The AC50/51 is a good choice to duplicate what you had- peak torque is only 120 ft-lbs so you'll still need your transmission. If you really intend to drive your car, AC is great- power brakes basically for free, and a 10-15% range boost vs DC. If you just want a performance toy, a DC motor will give you more power and way more torque for the same money. You can also save even more money with DC by buying a kit to build a controller rather than a finished controller. 

Otherwise, just read up on various threads here. I have no specific advice for a BMW- too expensive for my tastes.


----------



## nucleus (May 18, 2012)

For a simple project I don't think you could go wrong with a AC35X2. It is a bit heavy at 150 pounds, but 180 ft-lbs of torque starting at 0 RPM, 100 HP at 3000 RPM peaking topping off with 165 HP at 5000 RPM, it would scoot pretty well.

It is pretty much plug and play with dual Curtis controllers...

A Leaf motor could be a great fit, but will require some engineering to adapt and a custom controller if you want to decent power.


----------



## nucleus (May 18, 2012)

*i3*

Or, you could keep it in the family, grab a wrecked i3 and use that motor... 178 HP, would require some CANBUS work.


----------



## zippy500 (Apr 3, 2017)

thanks for the comments,

I would love to get the 2XAC35 setup but wow at the price.

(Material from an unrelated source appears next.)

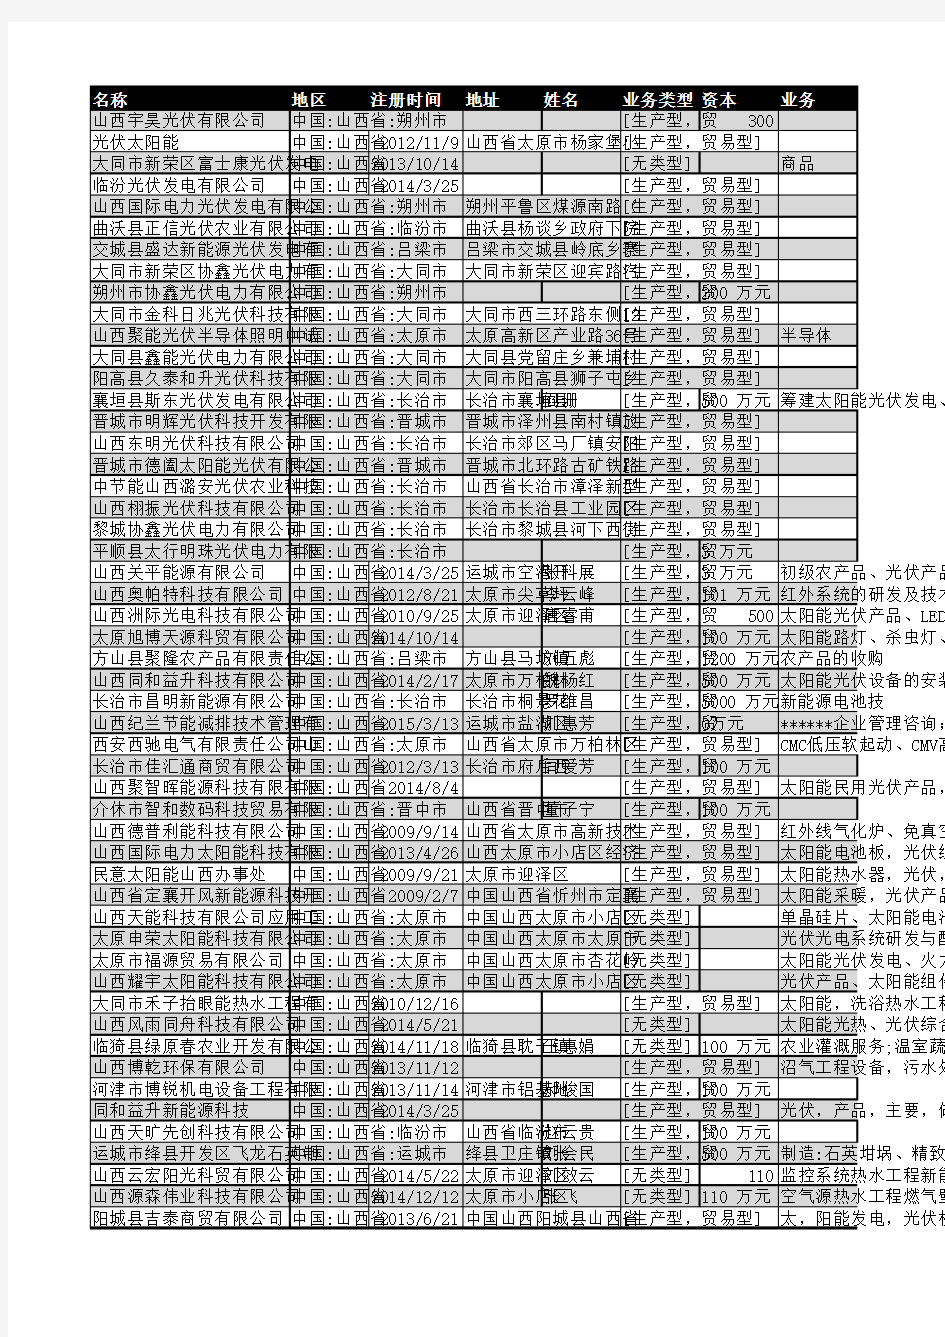 2019年山西省光伏行业企业名录52家

Leaf battery packs are few here in the UK and are fetching in the region of £4000 which would easily cover the new battery price.

I quite like the torque graph of the AC-51 at 96V, would anyone know what difference it would make if the system was run at 120V . would there be more power at the motor or just give better range?


----------



## madderscience (Jun 28, 2008)

Go for highest voltage battery you can get. I think the HPEV / curtis AC systems are available up to 144V. don't go less than that if you want decent highway speeds. +1 on leaf or volt battery pack. If leaf, reconfigured for 144v at 120ah would give 60-70 mile range in a 2200-2300lb total weight car.

as already suggested, keep the tranny. However run full synthetic oil in it and the diff, and if you are adventurous you might be able to make internal mods to it to reduce friction. But if its a standard 4spd, probably best to just put new seals and syncros in it and run it as is. get the alignment done and all the ball joints and suspension redone and put good LRR tires on it. You can also mess with gear ratios by adjusting the rear axle ratio. IIRC there are several swap options available for the 02's. Due to the comparatively rev happy electric motor you might want to spec a higher ratio rear end than the stock one.

I had a '71 BMW 1600 for a few years. Neat little car. I sort of wish I had kept it but I sold it when I had to move, before I caught the EV bug.


----------